Mostly Bs: You're into the swank city highlife, like Michael Hirtenstein. You're the type of whale that made millions as a business mogul, and then went on to make more millions by flipping real estate in New york, the city you know and love. More right this way.
Mostly Cs: You're a low-key whale like Megan Ellison. Sure, Dad's a tech billionaire prone to snatching up Hawaiian islands and Malibu mansions, but you lead your own life. Yes, your producing work—on films like True Grit, Lawless, and Zero Dark Thirty—was initially financed by family wealth, and yes, you've bought your fair share of gorgeous Los Angeles homes, but it's not like you spend millions on weird stuff like private planes or boats.

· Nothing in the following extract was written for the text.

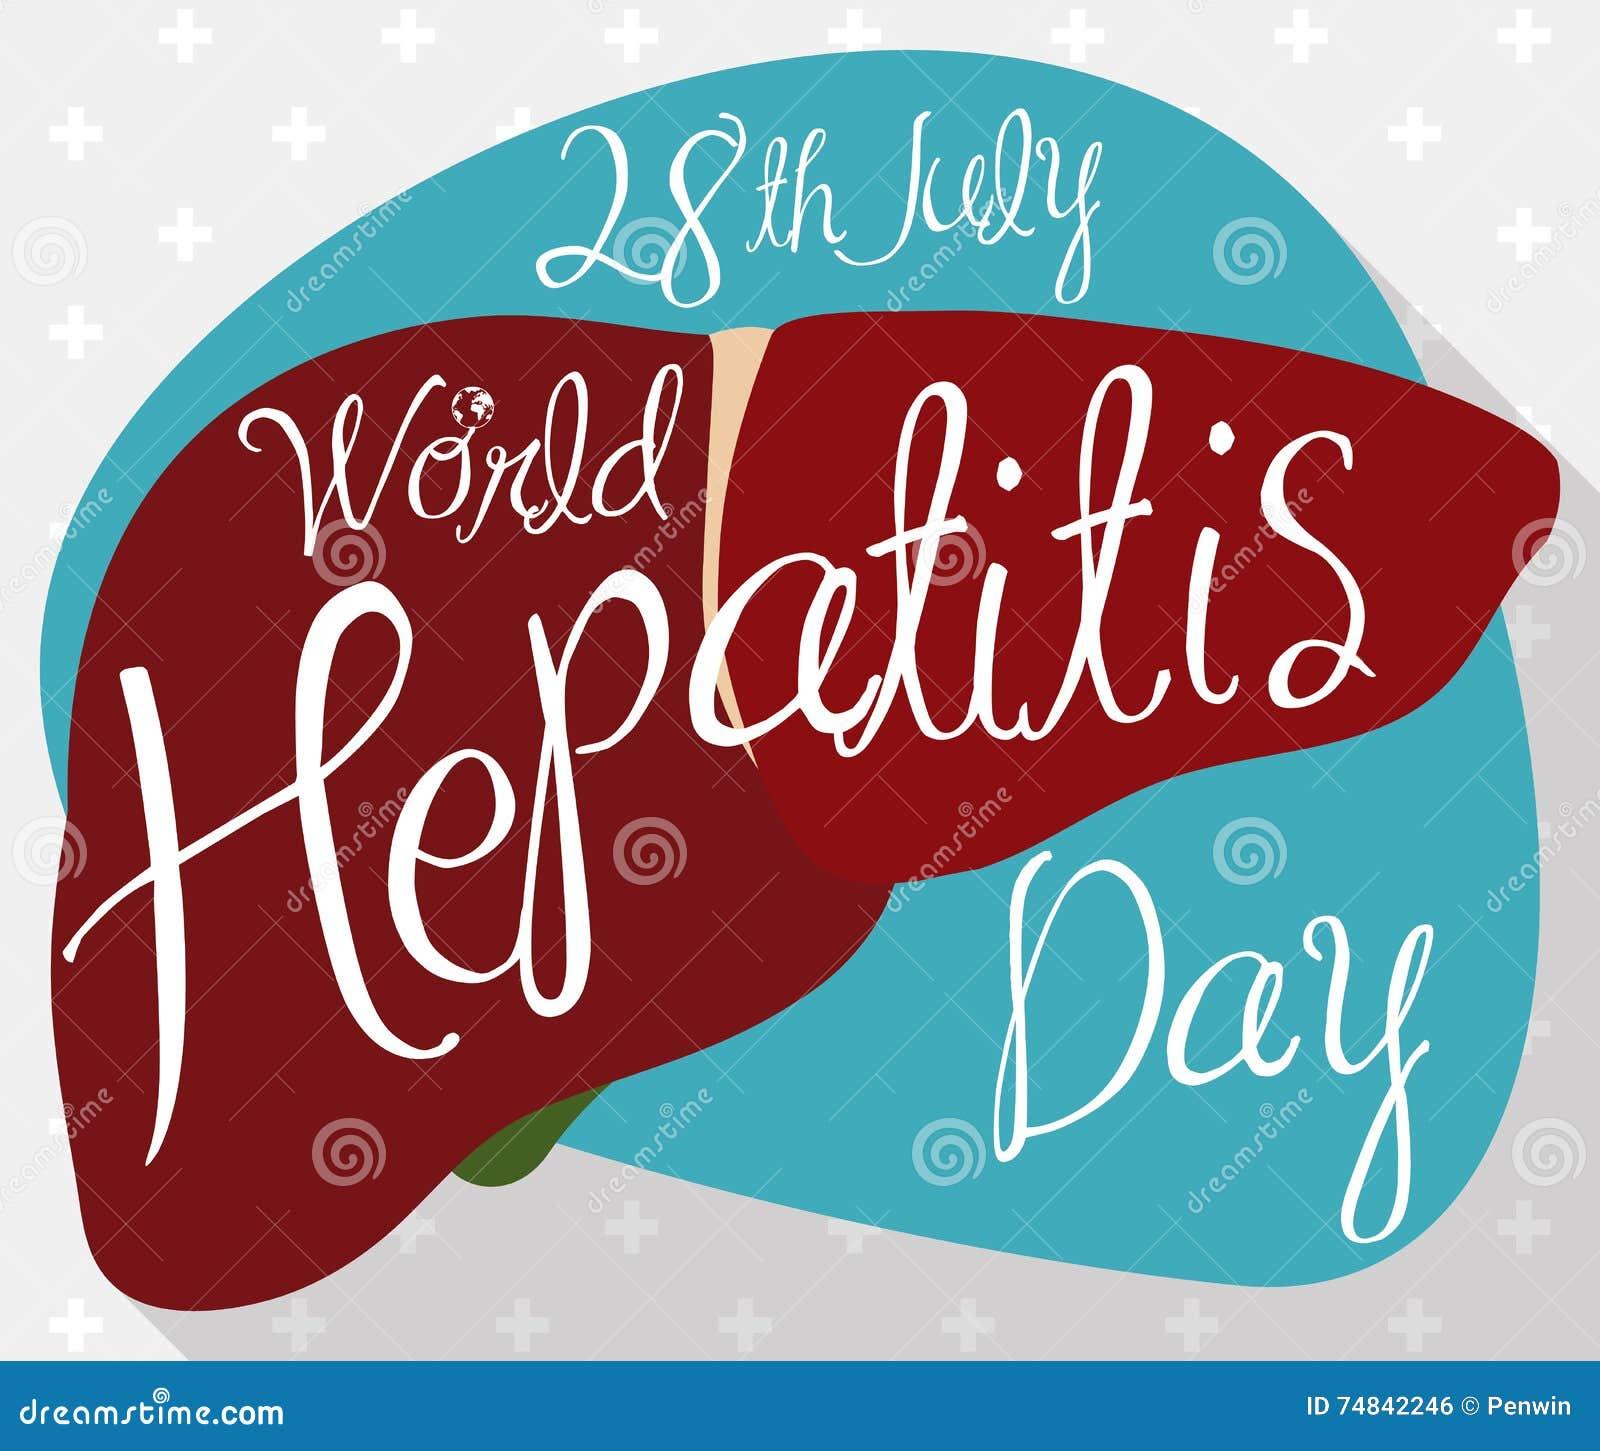 Cartaz com fígado saudável com lembrete do dia da hepatite do mundo, ilustração do vetor

Mostly Ds: Like billionaire John Malone, giant manses may not be your million-dollar expenditure of choice—though you've got a pretty sweet castle in Ireland, regardless—but that doesn't stop you from owning the most land acreage in America. The property portfolio includes some 2,200,000 acres of land in Maine and New Mexico.

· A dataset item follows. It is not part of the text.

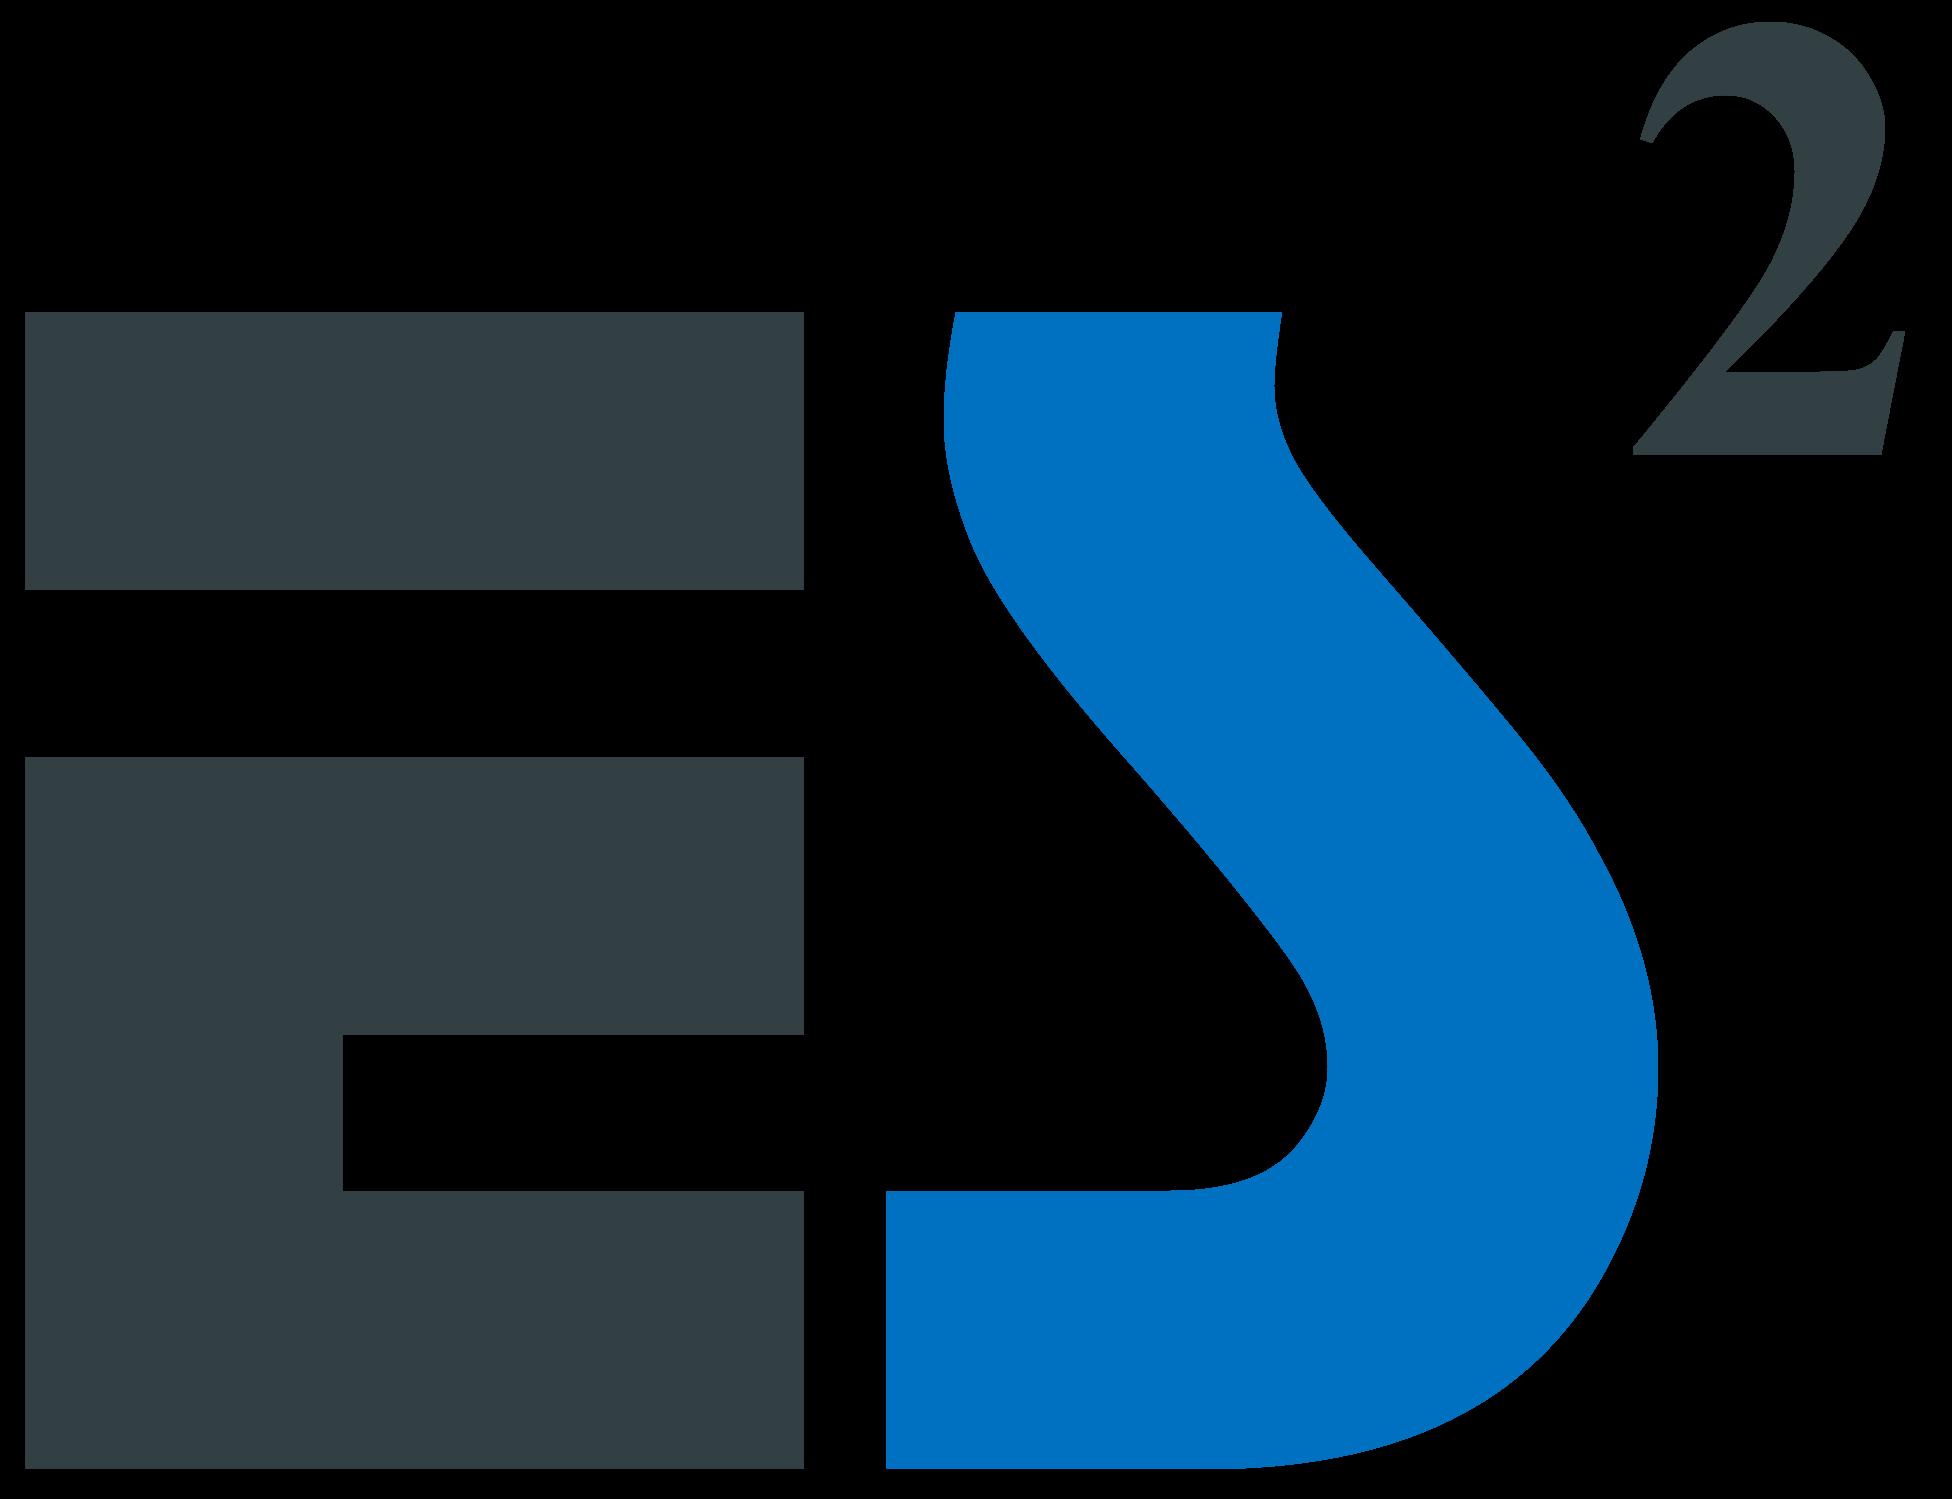 ES2-logo-hi-res

Mostly Es: You're a modern-day princess, just like Petra Ecclestone. You collect high-profile homes like L.A.'s infamous Candy Spelling manor, as well as English bulldogs, rottweilers, and Berkin bags. As one of the glamazon daughters of the exceptionally wealthy Bernie Ecclestone, you've owned many multi-million dollar spreads, despite the fact that you're only 24 years old.